Berikut isi tuntutan '17+8'
Dalam 1 minggu, tenggat waktu: 5 September 2025
- Bentuk Tim Investigasi Independen kasus Affan Kurniawan, Umar Amarudin, maupun semua korban kekerasan dan pelanggaran HAM oleh aparat lainnya selama demonstrasi 28-30 Agustus dengan mandat jelas dan transparan.
- Hentikan keterlibatan TNI dalam pengamanan sipil, kembalikan TNI ke barak.
- Bebaskan seluruh demonstran yang ditahan dan pastikan tidak ada kriminalisasi demonstran.
- Tangkap, adili, dan proses hukum secara transparan para anggota dan komandan yang memerintahkan dan melakukan tindakan kekerasan.
- Hentikan kekerasan oleh kepolisian dan taati SOP pengendalian massa yang sudah tersedia.
- Bekukan kenaikan gaji/tunjangan anggota DPR dan batalkan fasilitas baru.
- Publikasikan transparansi anggaran (gaji, tunjangan, rumah, fasilitas DPR) secara proaktif dan dilaporkan secara berkala.

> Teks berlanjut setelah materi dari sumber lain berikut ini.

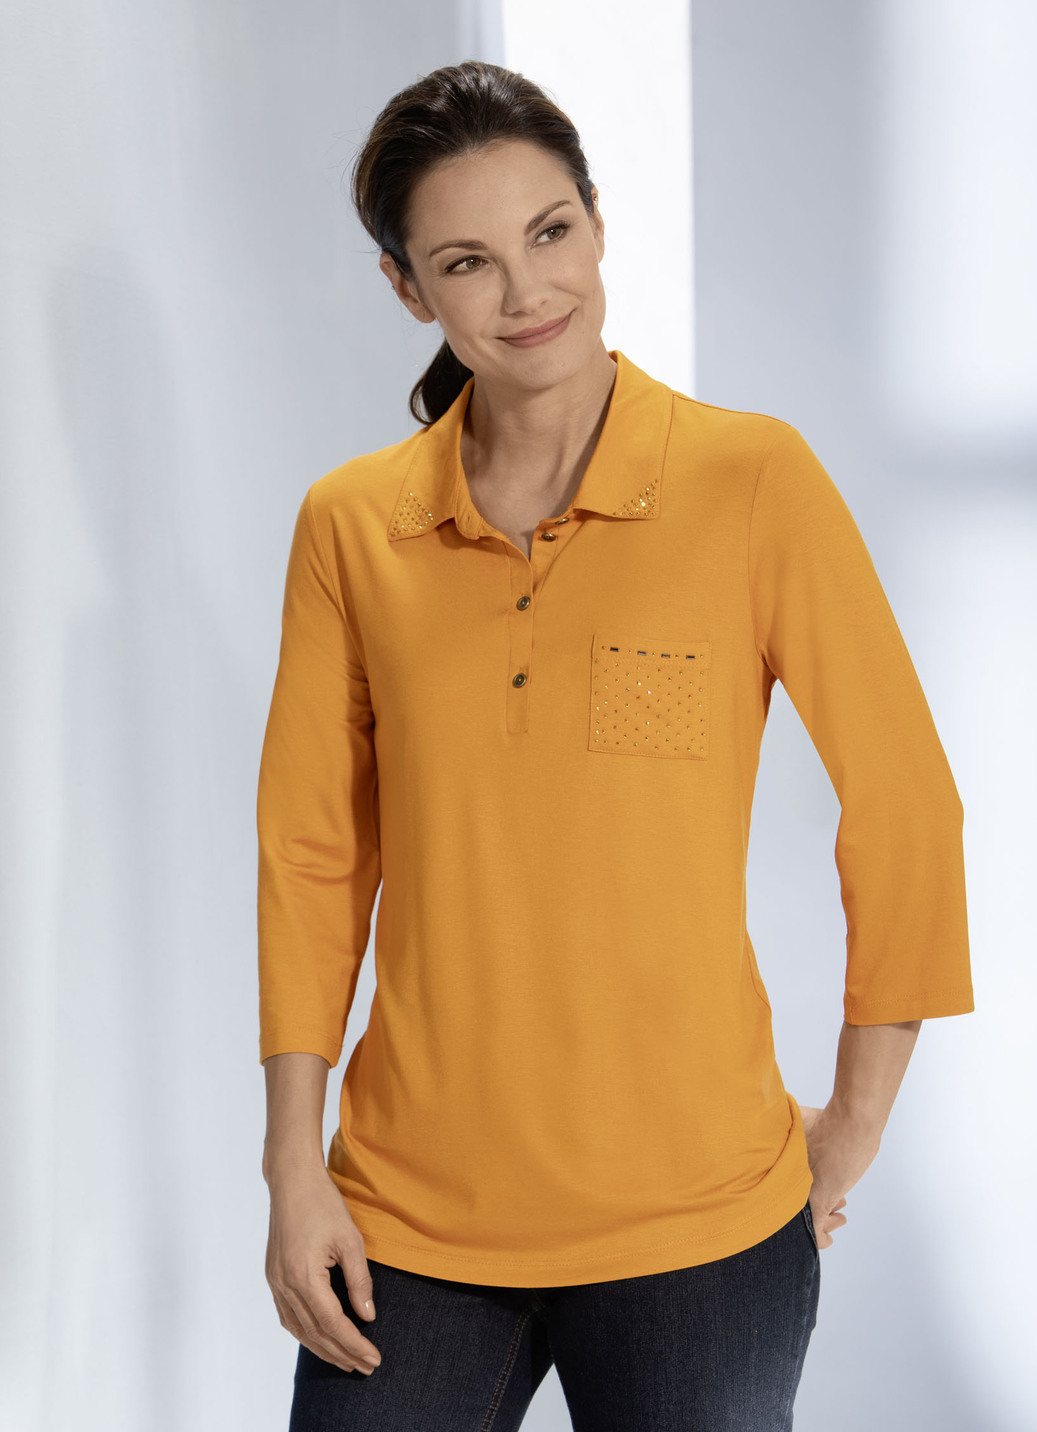 Poloshirt mit Strasszier am Polokragen in 3 Farben, Mandarine, Größe 40 von BADER

- Selidiki kepemilikan harta anggota DPR yang bermasalah oleh KPK.
- Dorong Badan Kehormatan DPR untuk periksa anggota yang melecehkan aspirasi rakyat.
- Partai harus pecat atau jatuhkan sanksi tegas kepada kader partai yang tidak etis dan memicu kemarahan publik.
- Umumkan komitmen partai untuk berpihak pada rakyat di tengah krisis.
- Anggota DPR harus melibatkan diri di ruang dialog publik bersama mahasiswa dan masyarakat sipil guna meningkatkan partisipasi bermakna.
- Tegakkan disiplin internal agar anggota TNI tidak mengambil alih fungsi Polri.
- Komitmen publik TNI untuk tidak memasuki ruang sipil selama krisis demokrasi
- Pastikan upah layak untuk seluruh angkatan kerja (guru, nakes, buruh, mitra ojol).
- Ambil langkah darurat untuk mencegah PHK massal dan lindungi buruh kontrak.
- Buka dialog dengan serikat buruh untuk solusi upah minimum dan outsourcing.
Dalam 1 Tahun, tenggat waktu: 31 Agustus 2026
- Bersihkan dan Reformasi DPR Besar-Besaran.
- Reformasi Partai Politik dan Kuatkan Pengawasan Eksekutif.
- Susun Rencana Reformasi Perpajakan yang Lebih Adil.
- Sahkan dan Tegakkan UU Perampasan Aset Koruptor, Penguatan.
- Independensi KPK, dan Penguatan UU Tipikor.
- Reformasi Kepolisian agar Profesional dan Humanis TNI Kembali ke Barak, Tanpa Pengecualian.
- Perkuat Komnas HAM dan Lembaga Pengawas Independen.
- Tinjau Ulang Kebijakan Sektor Ekonomi & Ketenagakerjaan.